DoctrineBatchUtils icon indicating copy to clipboard operation
DoctrineBatchUtils copied to clipboard

Add utility to iterate over a fetch-joined query

Open Ocramius opened this issue 5 years ago • 2 comments

As it currently stands, iteration over a DQL query like following will fail due to Query#iterate() not supporting it in ORM (https://github.com/doctrine/orm/issues/5868):

SELECT
    foo,
    bar
FROM
    MyEntity foo
LEFT JOIN
    foo.bars bar

In order to allow that, the ORM (luckily) comes with a relatively smart Paginator component.

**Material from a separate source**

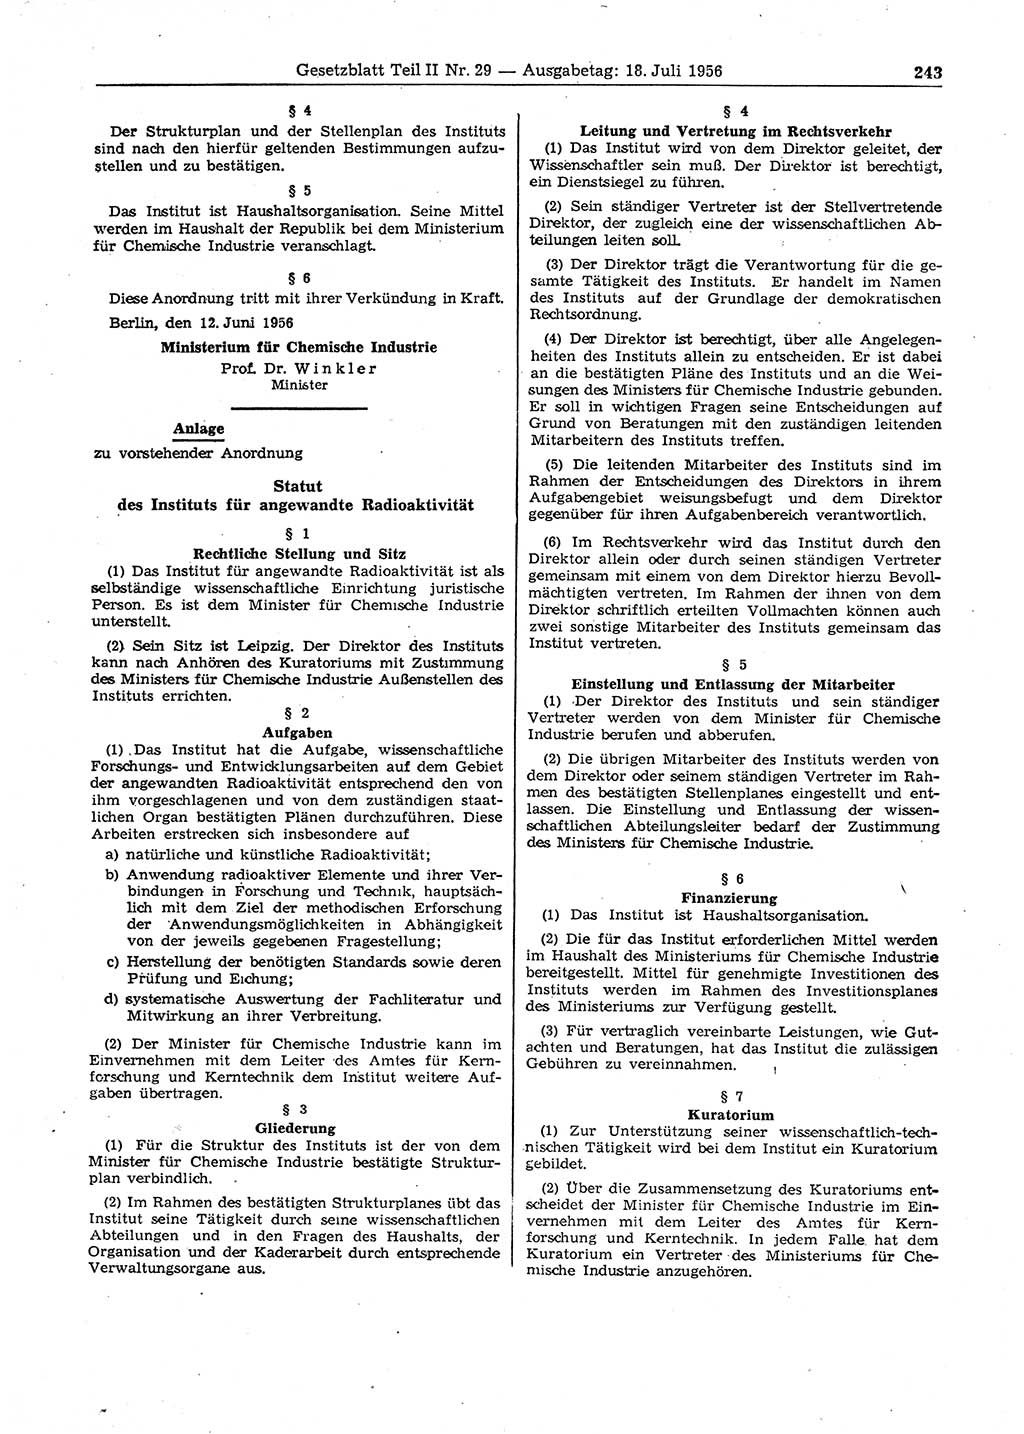 Gesetzblatt (GBl.) der Deutschen Demokratischen Republik (DDR) Teil ⅠⅠ 1956, Seite 243 (GBl. DDR ⅠⅠ 1956, S. 243)

I hacked together a prototype of how this could work in following (un-tested) snippet:

    public static function fromPaginator(
        Paginator $paginator,
        EntityManagerInterface $entityManager,
        int $batchSize
    ) : self {
        $currentBatchPosition = (int) $paginator->getQuery()->getFirstResult();
        $maxBatchPosition = min(((int) $paginator->getQuery()->getMaxResults()) + $currentBatchPosition, (int) $paginator->count());

        $nextPage = static function (
            Paginator $paginator,
            int $firstResult,
            int $maxResult
        ) : Paginator {
            $paginatorCopy = clone $paginator;

            $paginatorCopy->getQuery()->setFirstResult($firstResult);
            $paginatorCopy->getQuery()->setMaxResults($maxResult);

            return $paginatorCopy;
        };

        $iterator = (static function () use ($paginator, $currentBatchPosition, $maxBatchPosition, $batchSize, $nextPage) : \Generator {
            $cursorPosition = $currentBatchPosition;

            do {
                $pageWasEmpty = true;

                foreach ($nextPage($paginator, $cursorPosition, $batchSize) as $row) {
                    $pageWasEmpty = false;

                    yield $row;
                }

                if ($pageWasEmpty) {
                    return;
                }
                
                $cursorPosition += $batchSize;
            } while ($maxBatchPosition === 0 || $cursorPosition <= $maxBatchPosition);
        })();

        return self::fromTraversableResult($iterator, $entityManager, $batchSize);
    }

Two problems in the above:

  1. I hate how it is written: it's a mess
  2. unsure if it works for paginating over a query that already has well defined first/max results

We need accurate testing before considering it for inclusion.

Ocramius avatar Apr 22 '20 07:04 Ocramius

Thanks for the snippet, already pushed it in our 1.400 pods kubernetes cluster :+1:

Slamdunk avatar Apr 22 '20 07:04 Slamdunk

@Slamdunk anxiously waiting for a helm chart for it: no need for tests for that, just an MVP :P

Ocramius avatar Apr 22 '20 07:04 Ocramius